What parts of your background have been most relevant to being an entrepreneur? What do you find most challenging?

I was doing cryptoanalysis in the army. When we started the company, we knew that we were going to tackle a challenging problem that some of the largest healthcare key companies have tried and failed to solve for the better part of the last 20 years. We needed some of the best problem solvers in the world to work with us, so a lot of our R&D folks are people who we knew back from the army. My co-founder Adam Rimon and I both served in the cryptoanalysis department, which was a good place to find great problem solvers. That has helped us with the early work of trying to prove that the unique approaches that we took to solve the problem could actually work. We had the right people to do this.

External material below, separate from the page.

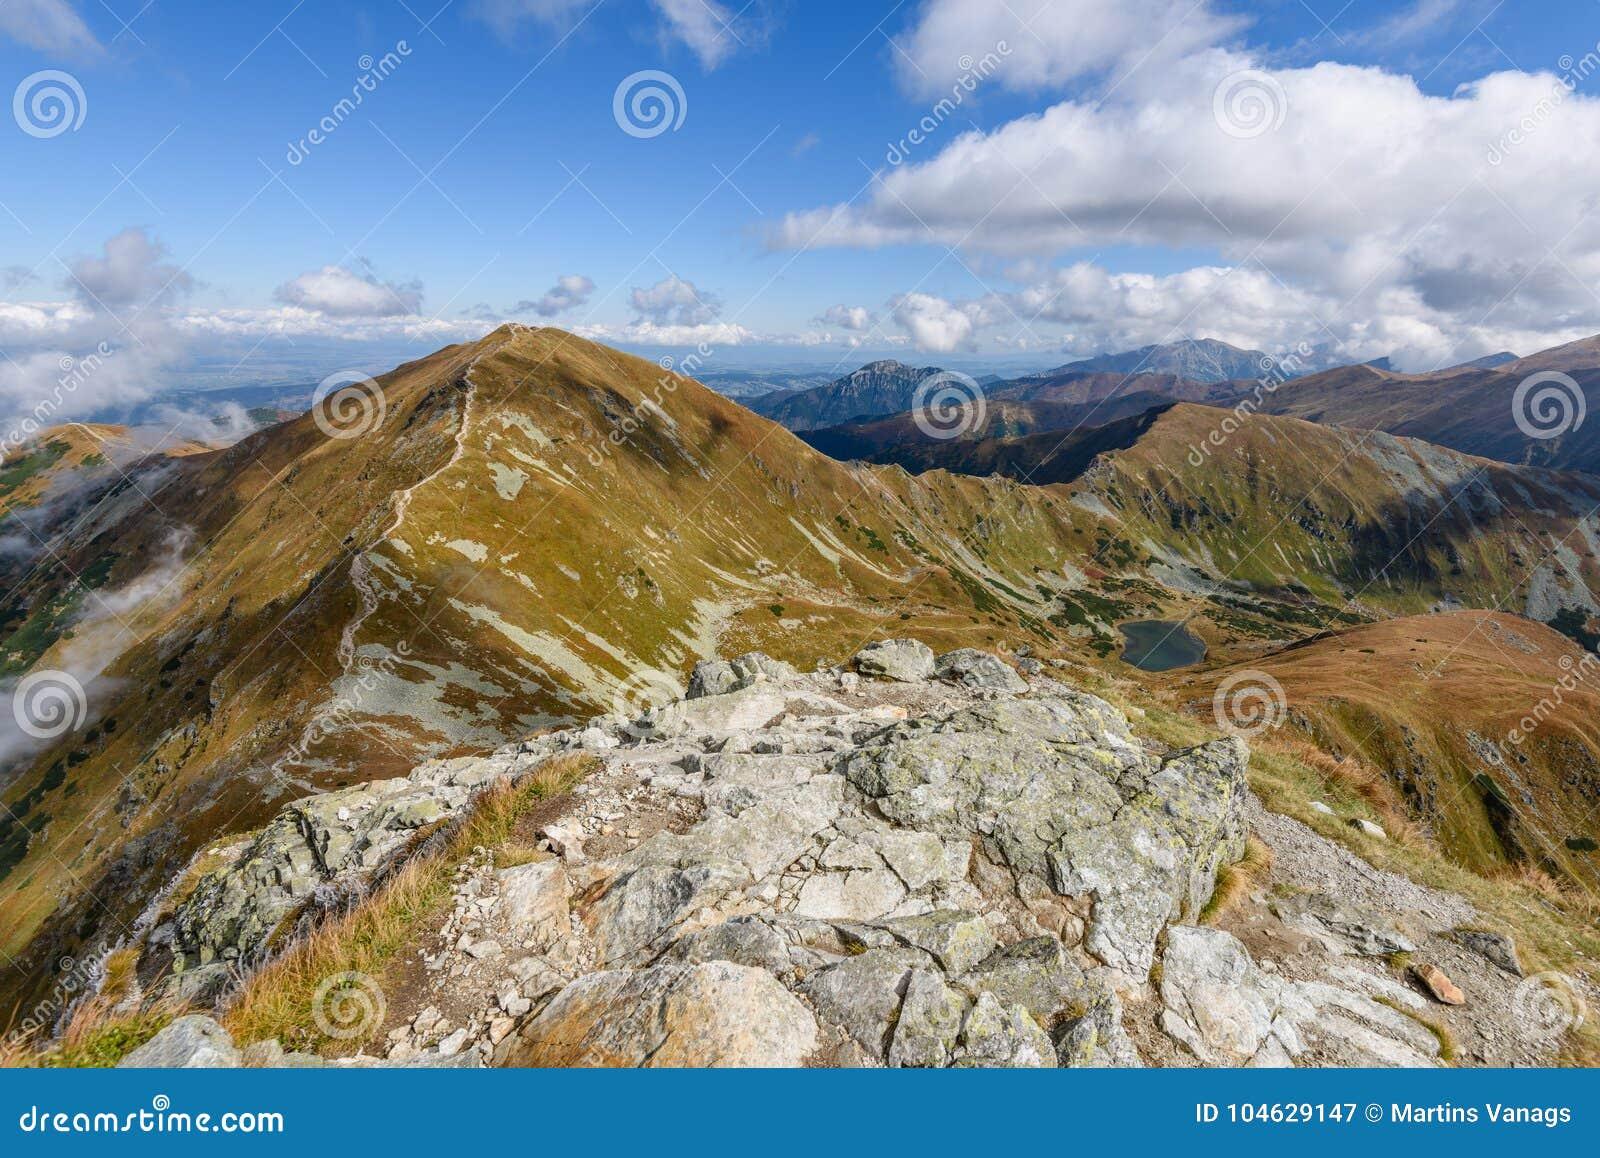 Download De Rotsachtige Mening Van Het Berg Piekgebied In Slowakije Stock Afbeelding - Afbeelding bestaande uit rotsen, land: 104629147

The challenge is that the army doesn’t teach you how to manage a company. The army has a very different management style than what you’ll see anywhere else. I felt pretty relaxed because of the nature of the business that we were doing back there, but it’s still not very similar to what you’ll see in a company. We had to learn a few things the hard way, but we try to fail fast, learn from it, and not repeat the same mistakes again. As long as we have a smart team that can follow the same kind of principle, then it’s OK make mistakes. 

We just run, run quickly. We try to learn as fast as we can. One thing that we want to bring into the company and to the healthcare space is rapid prototyping. See if something works. If it doesn’t, you throw it away. If it does, great, you iterate over it and it creates value almost from Day 1 of the company.

Where do you see the company going in the next few years?

We are building great business in the coding space. The quality of our product and our results speak for themselves. We get our clients just from word of mouth, and our clients are highly referenceable. It sometimes amazes me that we are coding several million charts per year. We have three coders right now on the team who are serving as subject matter experts, but are not doing the coding itself. We are building a great coding company, bringing in work, adding to the client base, and expanding our footprint. We are going to be the top coding company in that area.

While we are doing this, we are also maturing our core technology. Our CLU engine gets better all the time. The more clients that we’re seeing, the more edge cases that we’re seeing, the better it gets and the smarter it gets. This allows us to take this unique core technology that we built and apply it in other areas that we’re still exploring. Coding is interesting because it sits between the clinical side and the revenue cycle side. We have the opportunity to influence the clinical side, to assist physicians both in the documentation side of the house and the revenue cycle process downstream from us.